One of the fundamental concepts I’ve been working with in the Fabulator expression engine is that a set of items should be as easy to work with as a single item. However, if we know (or think) we are working with sets of items, then we can start asking different questions as soon as that set has more than one element.

Junctions are variables that act as if they are set to multiple values at the same time. The default junction (and the only one supported for now in the engine) is ‘any()’.


Instead of saying something like ‘/a[. = 1 or . = 2 or . = 3]’, a junction allows ‘/a[. = any(1,2,3)]’, which is more readable and maintainable.

You could also do something like ‘/a/*[f:name(.) = any($list-of-names)]’, though I might like ‘/a/{any($list-of-names)}’ better.

Given two sets of values, you could do comparisons such as ‘any($list-a) > any($list-b)’ to see if there’s a value in $list-a that is larger than a value in $list-b.


Another junction is ‘all()’. It is used to ensure that every value meets any requirement in a comparison. For example, ‘all($list-a) > any($list-b)’ would mean that every value in $list-a had to exceed a value in $list-b (possible a different value in $list-b for each value in $list-a). ‘all($list-a) > all($list-b)’ would be true only if the minimum value of $list-a exceeded the maximum value in $list-b.

The construct ‘/a/{all($list-of-names)}’ wouldn’t be very useful unless $list-of-names was single-valued.

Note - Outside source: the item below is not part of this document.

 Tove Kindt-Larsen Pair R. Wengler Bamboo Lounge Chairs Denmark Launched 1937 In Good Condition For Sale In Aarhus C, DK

The ‘none()’ junction is a bit of the opposite of ‘all()’. Instead of requiring complete agreement from all values, it requires complete non-agreement.

The expression ‘none($list-a) > none($list-b)’ would mean that no value from $list-a could exceed a value not in $list-b. Not very useful given the number of negative numbers that are less than the minimum value that could be in $list-b. Replacing one of them with an ‘all()’ or ‘any()’ would work though. ‘none($list-a) > any($list-b)’ would be true if no value in $list-a exceeded a value in $list-b (equivalent to ‘all($list-a) <= all($list-b)’).

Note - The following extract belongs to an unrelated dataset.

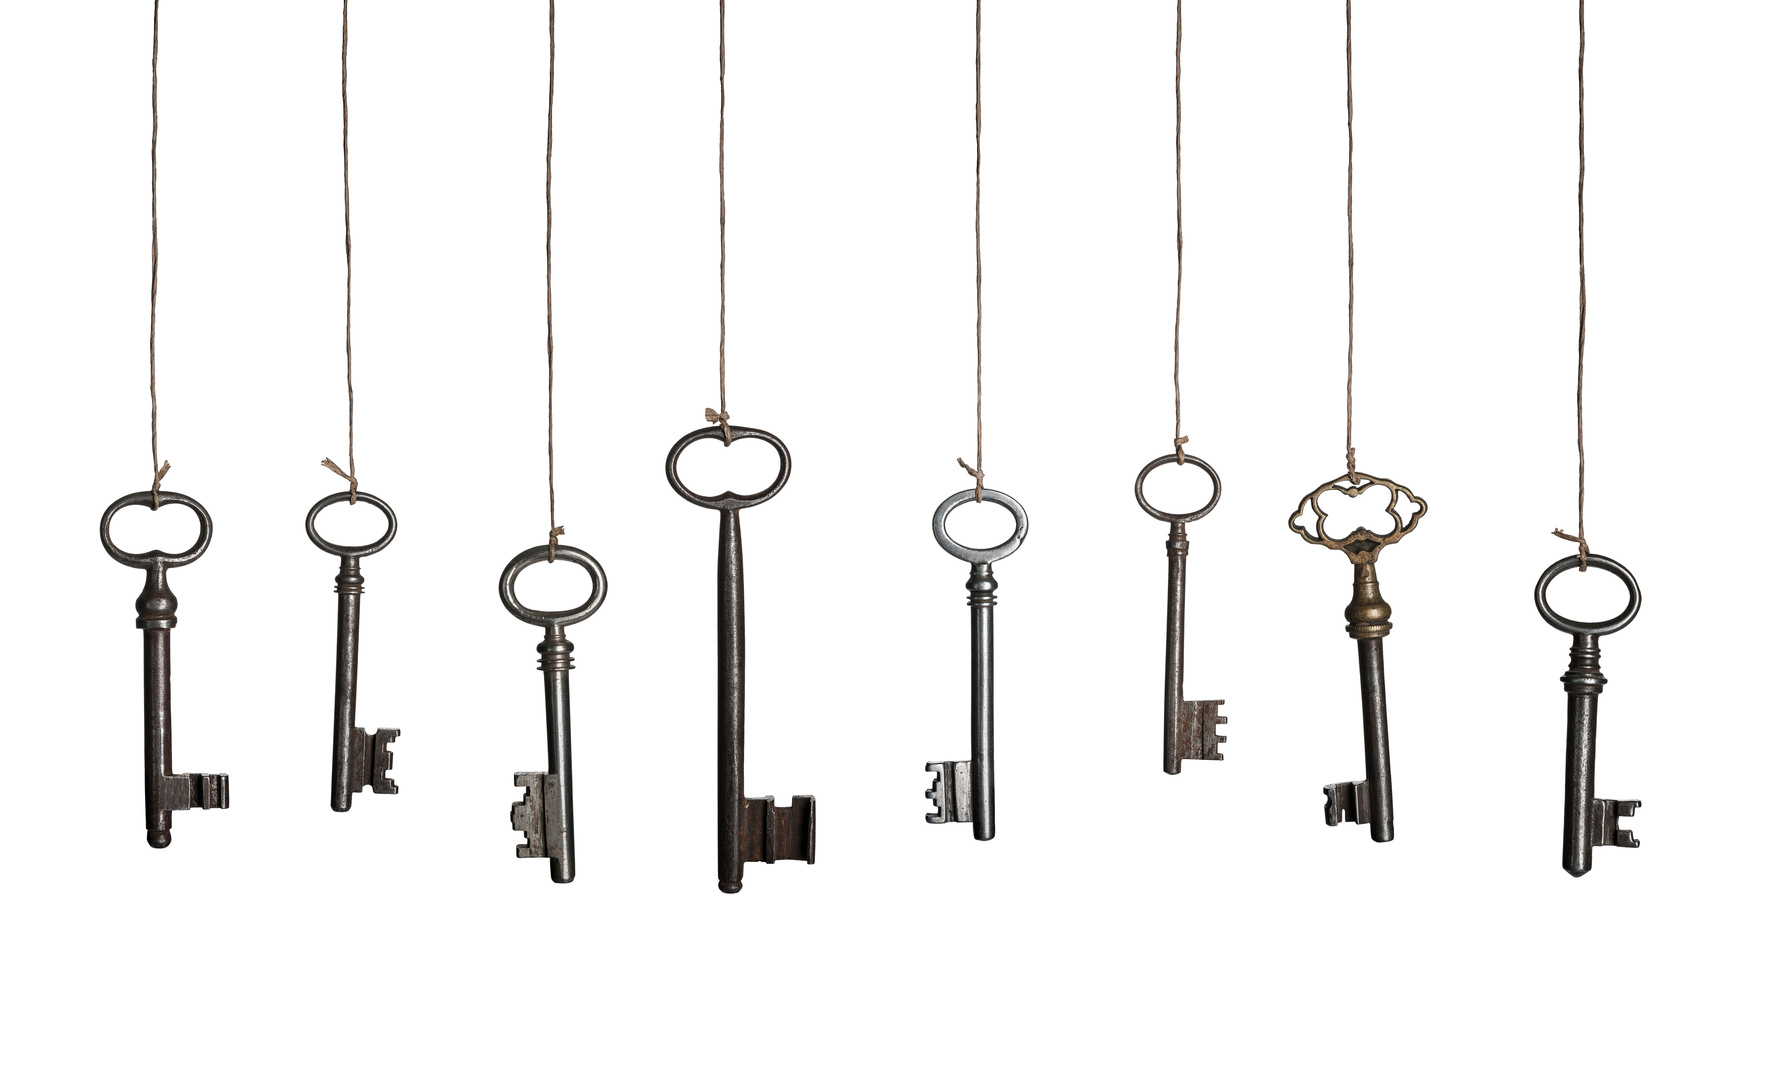 Picture of keys hanging on strings

The path ‘/a/{none($list-of-names)}’ would select all of the children of ‘/a’ that didn’t have a name in the $list-of-names.

We’re still figuring out how these will be worked into the language. They might be limited to use within predicates and tests or any ephemeral run-time processing. This is the beginning of the thinking out loud design phase.

Moving Towards Stability

I’ve been working with a rapid release cycle, but I think we’re getting close to a stable core that can support new work soon.

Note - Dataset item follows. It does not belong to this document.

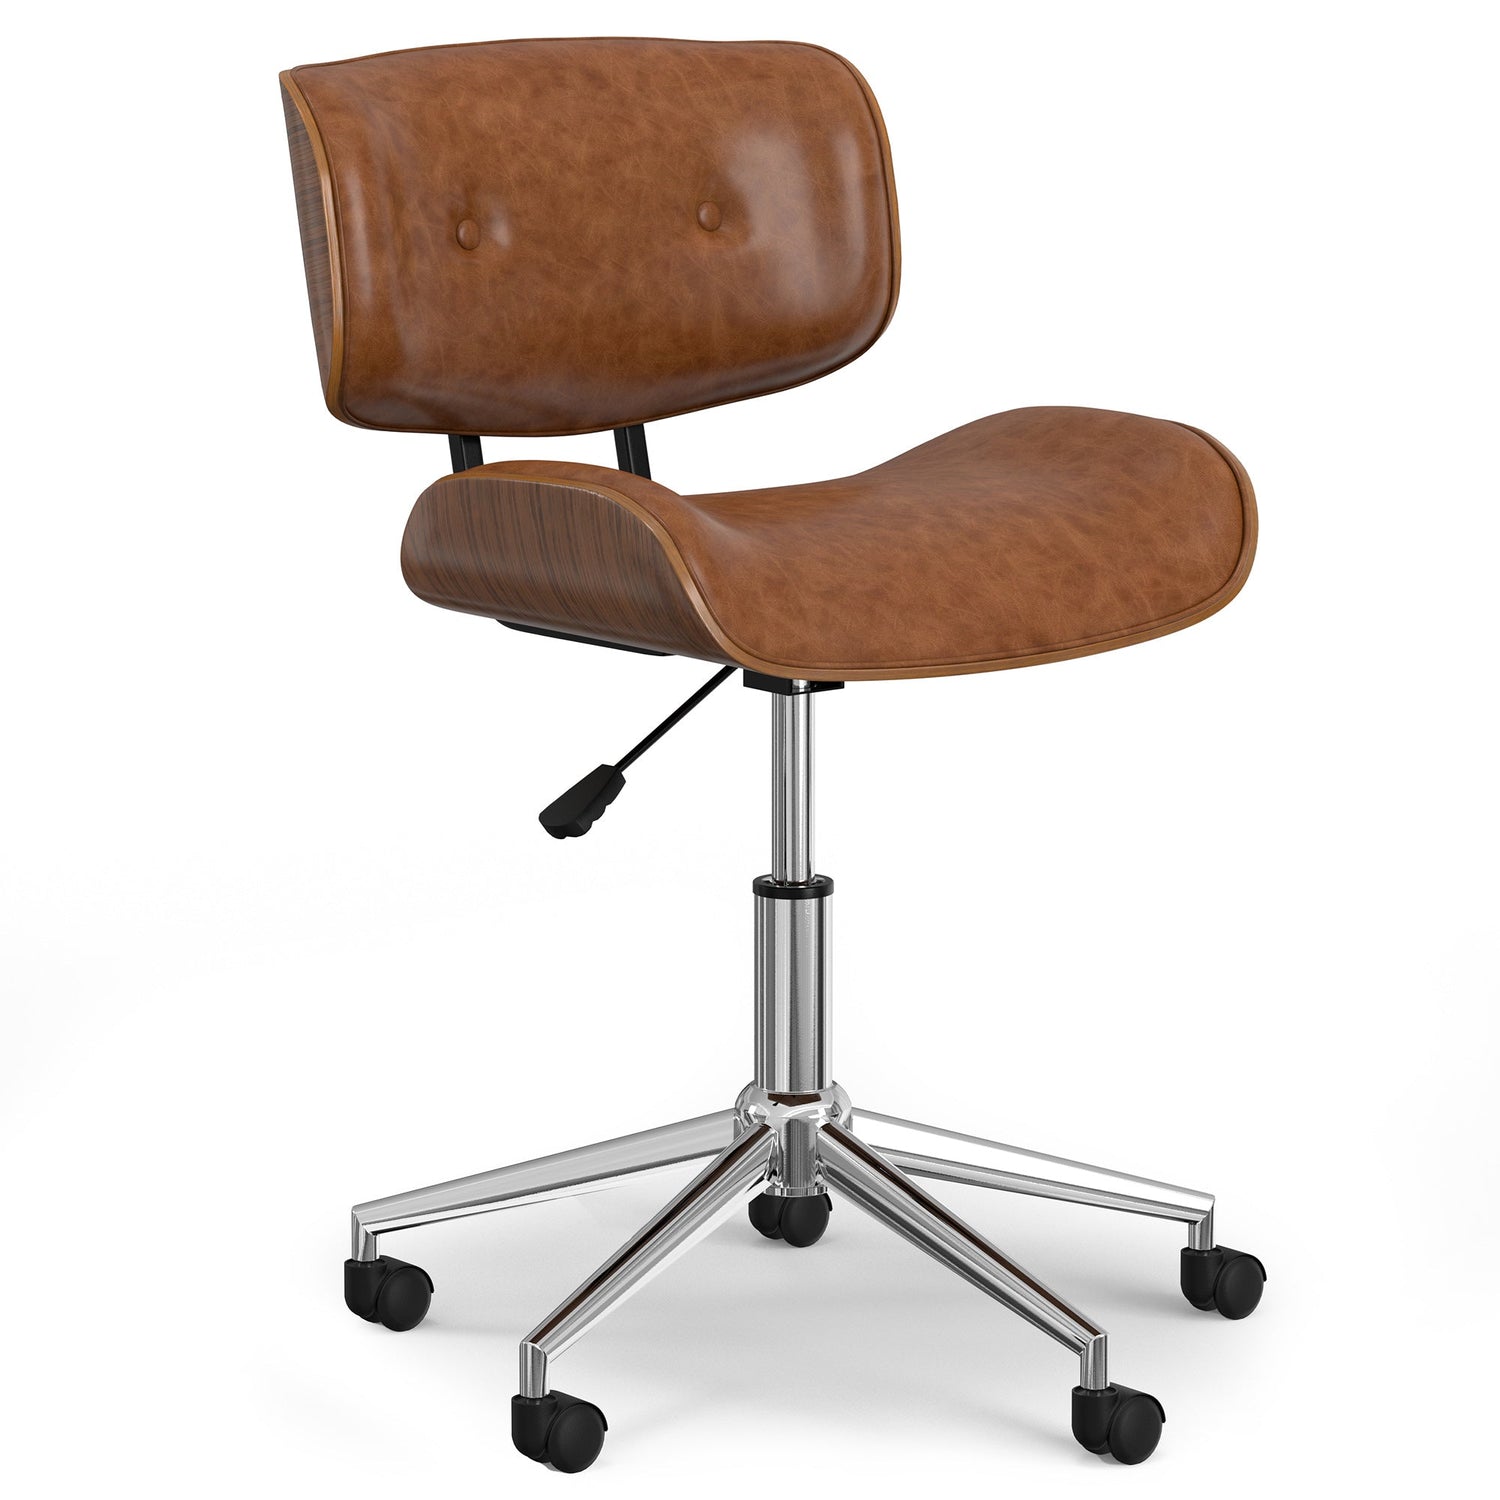 Distressed Tan Distressed Vegan Leather | Dax Bentwood Office Chair

The current list of Ruby gems:

  • fabulator 0.0.5
  • fabulator-exhibit 0.0.2
  • fabulator-grammar 0.0.1
  • fabulator-xml 0.0.3
  • radiant-fabulator-extension 0.0.3
  • radiant-fabulator_exhibit-extension 0.0.1

With this set, you can make a mistake in the XML defining an application and Radiant will report a validation error and give you an opportunity to edit the page again. Before, it would just throw an error and give you an otherwise blank page with no options other than hitting the back button.

Predicates should be a bit more DWIMy (Do What I Mean). If the expression evaluates to a number, then it will be a match against the position in the set. If it’s a string, then it will be true if non-blank. If it’s boolean, then it’s just boolean. The f:position(), f:first(), and f:last() functions should now work in predicates. We will be working to extend it to other iterative contexts.

The next week or two should be continued bug fixes as we come to the close of the project season and launch into the next. We’ll post more later on what might come starting in September.

We’re also working on developing some web-based resources that will explain how to use all of these libraries to build a project site.